ダミアン神父は、モロカイ島のハンセン病患者のためにミサを捧げたり教えを説いたりしていたわけですが、ダミアン神父が健康だったときには、「あなたたちは」というような呼び掛けをして説教をしたり教えを説いたりしていたそうです。それが、彼自身がハンセン病になり、病を通じて自分も同じ兄弟姉妹になったと感じたときから、「わたしたちは」と話し掛けるようになったそうです。

比べるとはっきり分かりますが、「イエスの呼び掛けに答えて、あなたたちもこのようにしましょう」と話すのと、「イエスの呼び掛けに答えて、わたしたちもこのようにしましょう」と話すのでは、断然「わたしたち」と呼び掛けたほうが親しみがわきます。この境地に、ダミアン神父は病を得て、たどり着いたわけです。

さて話が長くなりましたが、このダミアン神父の偉大な宣教の足跡は、今日の福音朗読箇所を味わうのに役に立つと思います。イエスは、「もし片方の手があなたをつまずかせるなら、切り捨ててしまいなさい」「もし片方の足があなたをつまずかせるなら、切り捨ててしまいなさい」「もし片方の目があなたをつまずかせるなら、えぐり出しなさい」と厳しい要求をしています。

ダミアン神父がこのイエスのみことばを頭に置いて行動していたかは分かりません。ですが結果として彼は、ハンセン病の人々により近くいて宣教するために、自らの健康を捨ててしまって、同じ病気になることも受け入れて、人々の中、その心のいちばん深いところに、飛び込んでいったのだと思います。
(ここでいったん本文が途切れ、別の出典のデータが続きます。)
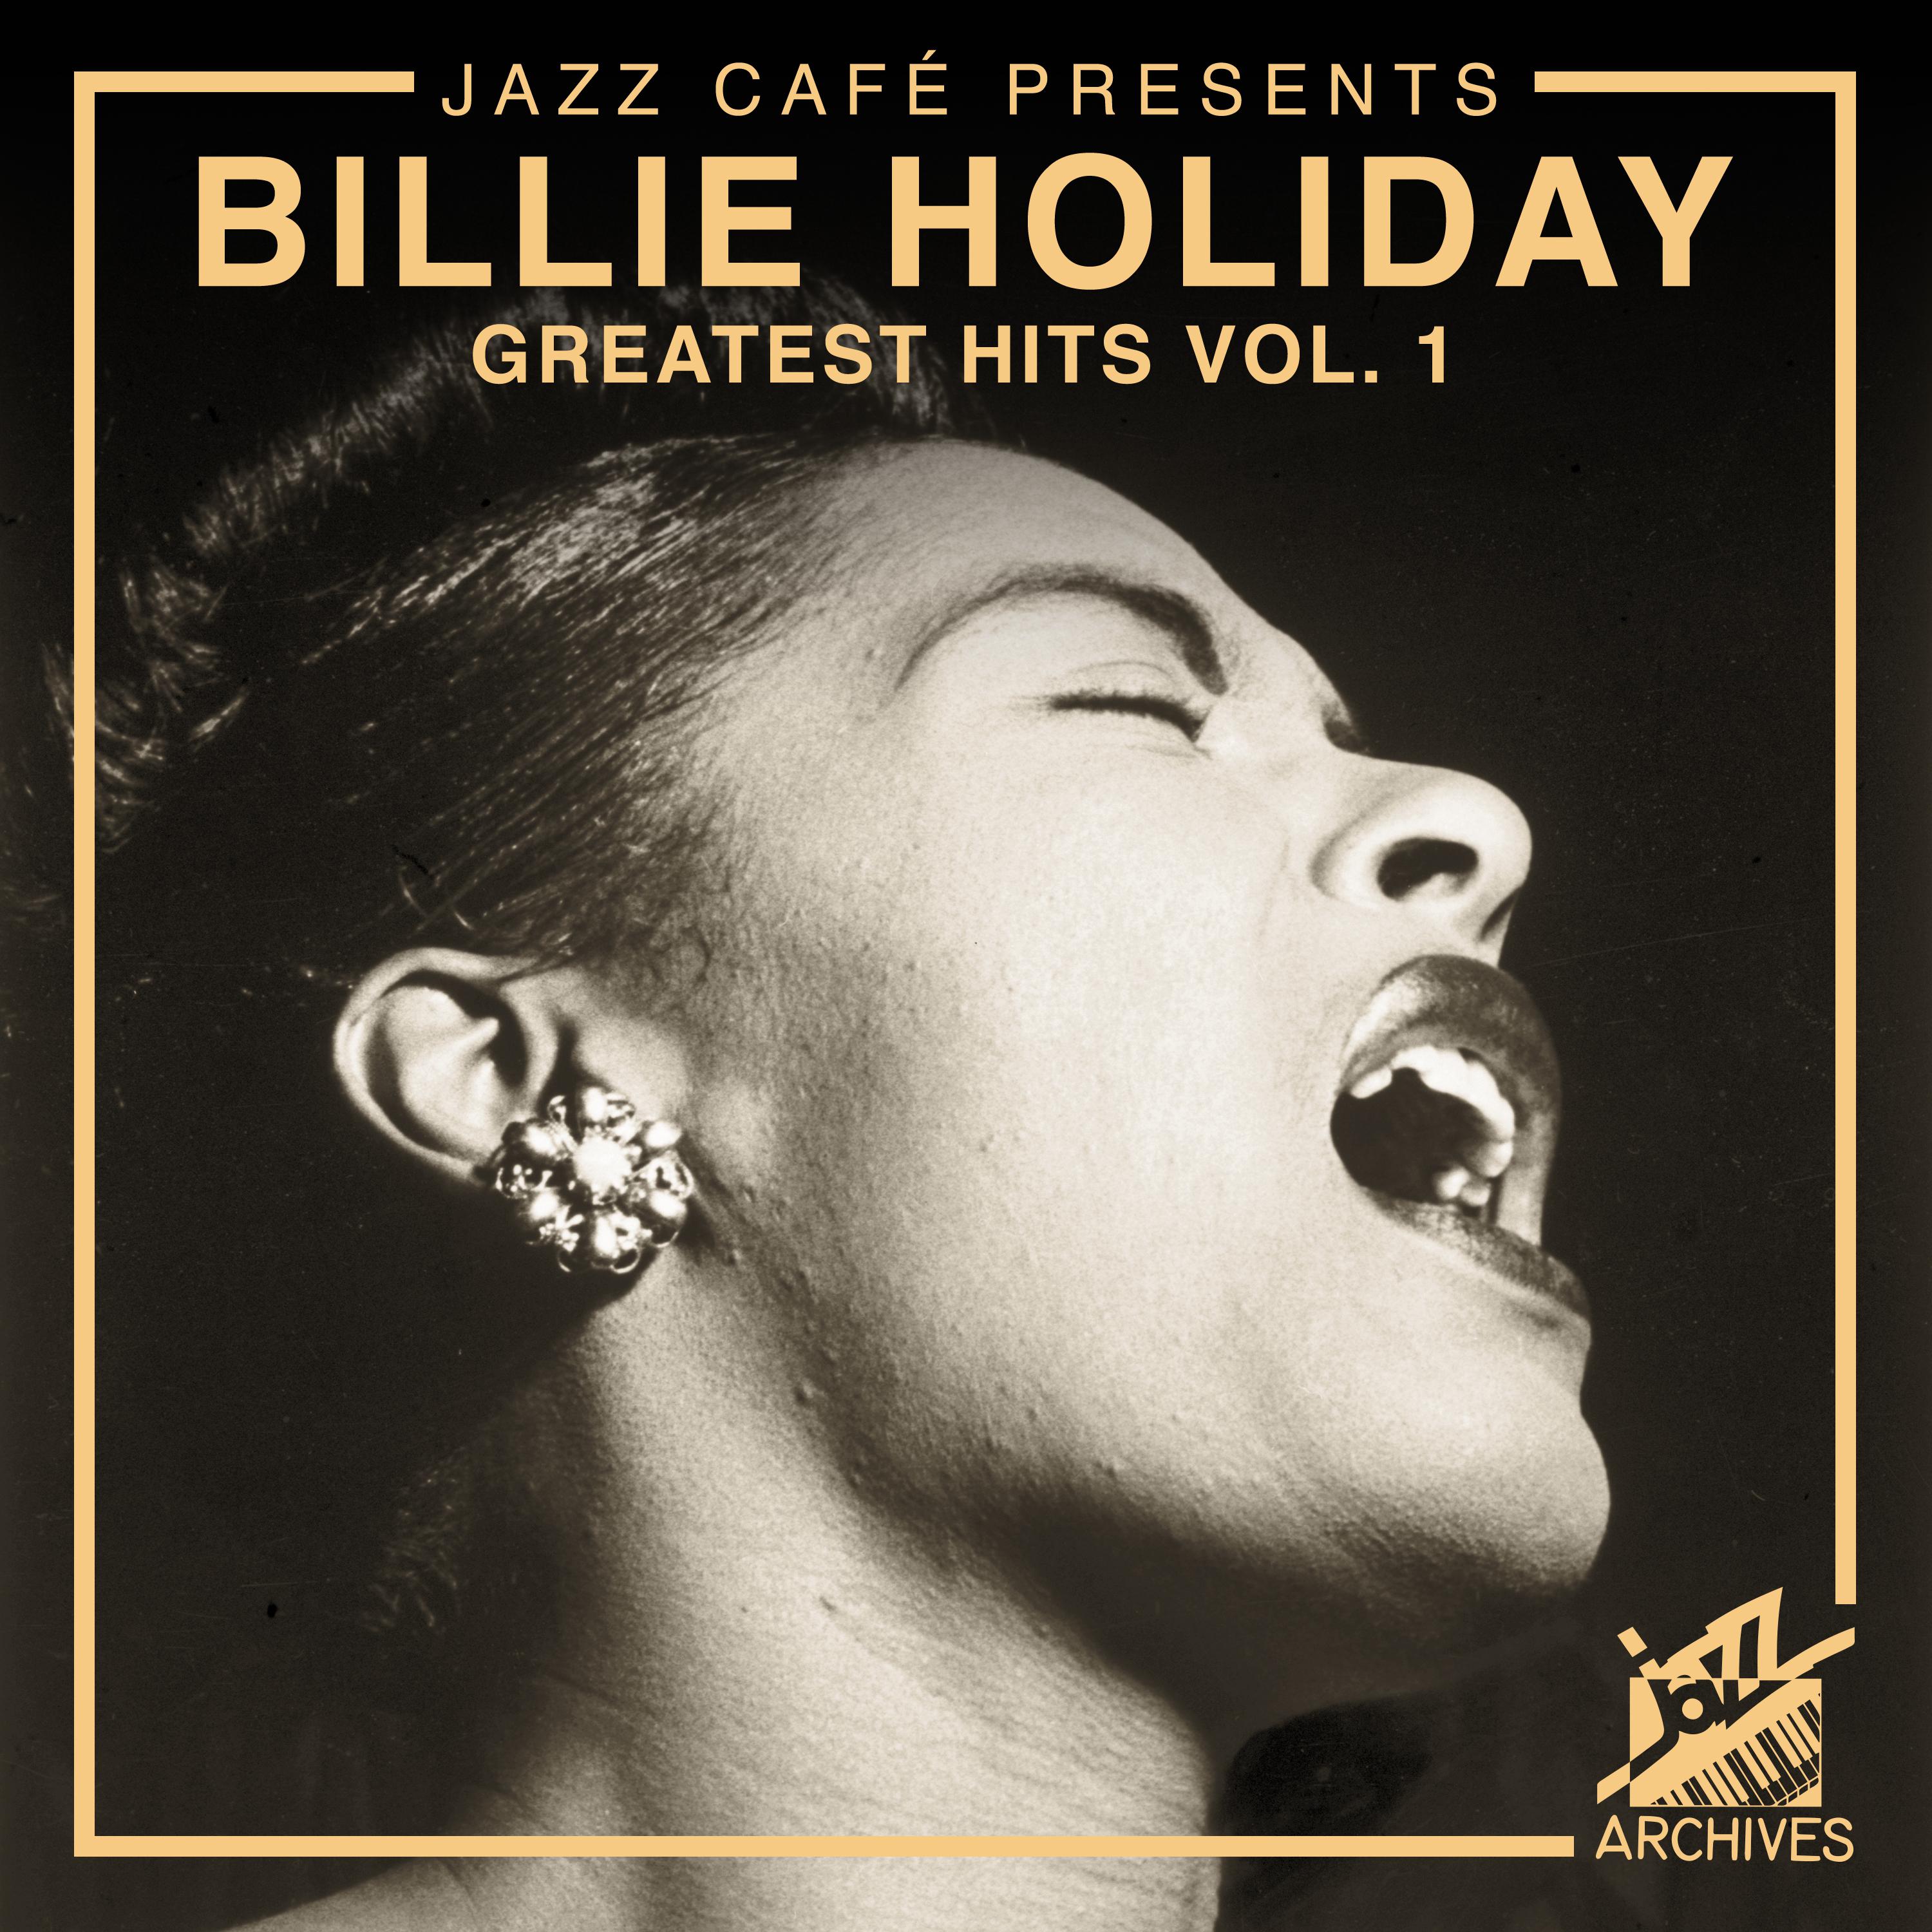 Jazz Cafe Presents: Billie Holiday Greatest Hits Vol. 1

健康だったときは、たとえばルカ福音書の「今泣いている人々は、幸いである」「人々に憎まれるとき、また、人の子のために追い出され、ののしられ、汚名を着せられるとき、あなたがたは幸いである」(6・21,22)というような箇所は、ダミアン神父から語りかけるイエスのみことばであって、ダミアン神父も一緒に味わうイエスのみことばにまで変化していなかったかも知れません。それが、同じ病を与えられたことで、変わるきっかけを得たのでした。
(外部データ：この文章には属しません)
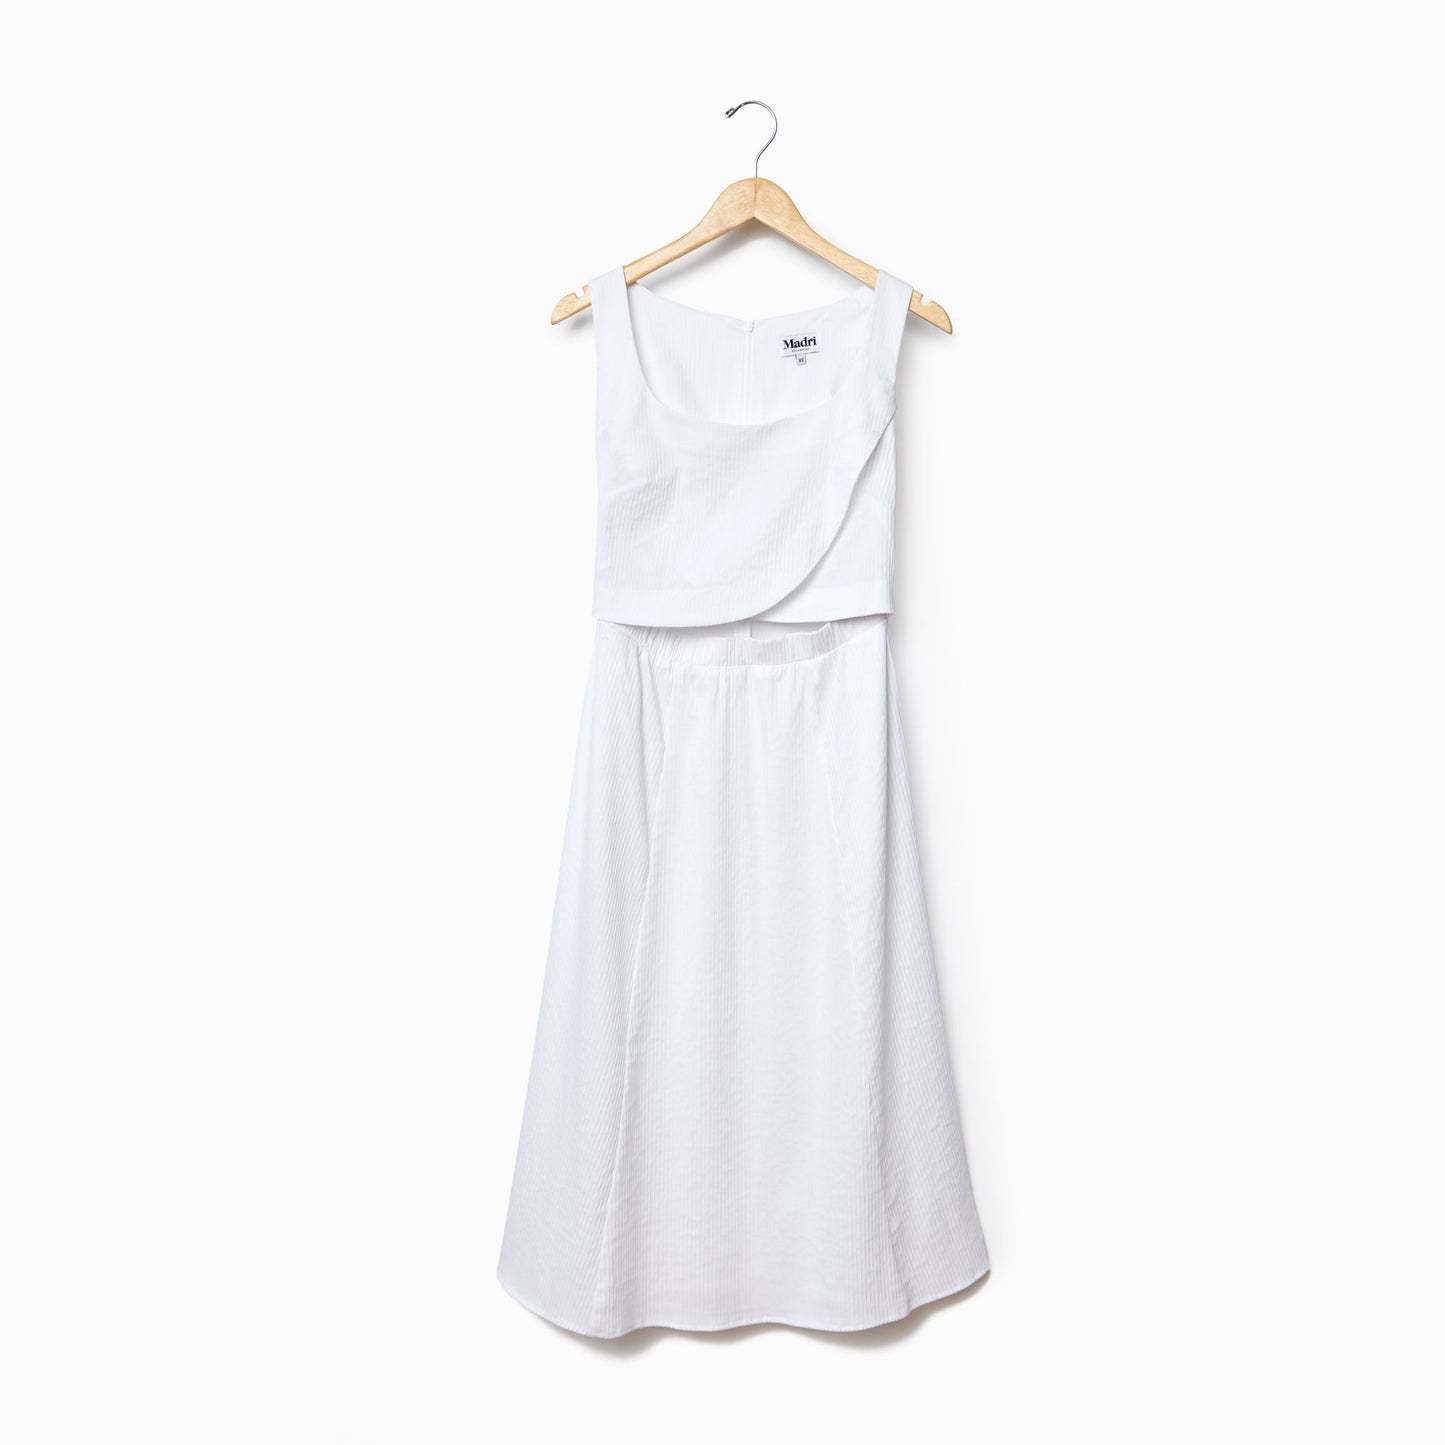 Crossover Dress in White Stripe

ダミアン神父のような経験はなかなかわたしたちの人生には起こらないかも知れませんが、イエスが招いている幸いな生き方に入るためには、わたしたちもつまずきとなるもの、妨げとなっているものを取り除かなければなりません。

イエスが「切り捨ててしまいなさい」と言ったのは、常識的に考えれば両方あって初めて当たり前に機能する身体の一部分です。手や足や目は、片方あればまぁ何とかなるという代物ではありません。

それほど重大なものでも、場合によっては、わたしたちがイエスの示す幸せにどうしてもたどり着けなくなるのであるなら、未練を残さず、捨てなさいと言っているのです。どんな理解の仕方をすれば、このようなことができるようになるのでしょうか。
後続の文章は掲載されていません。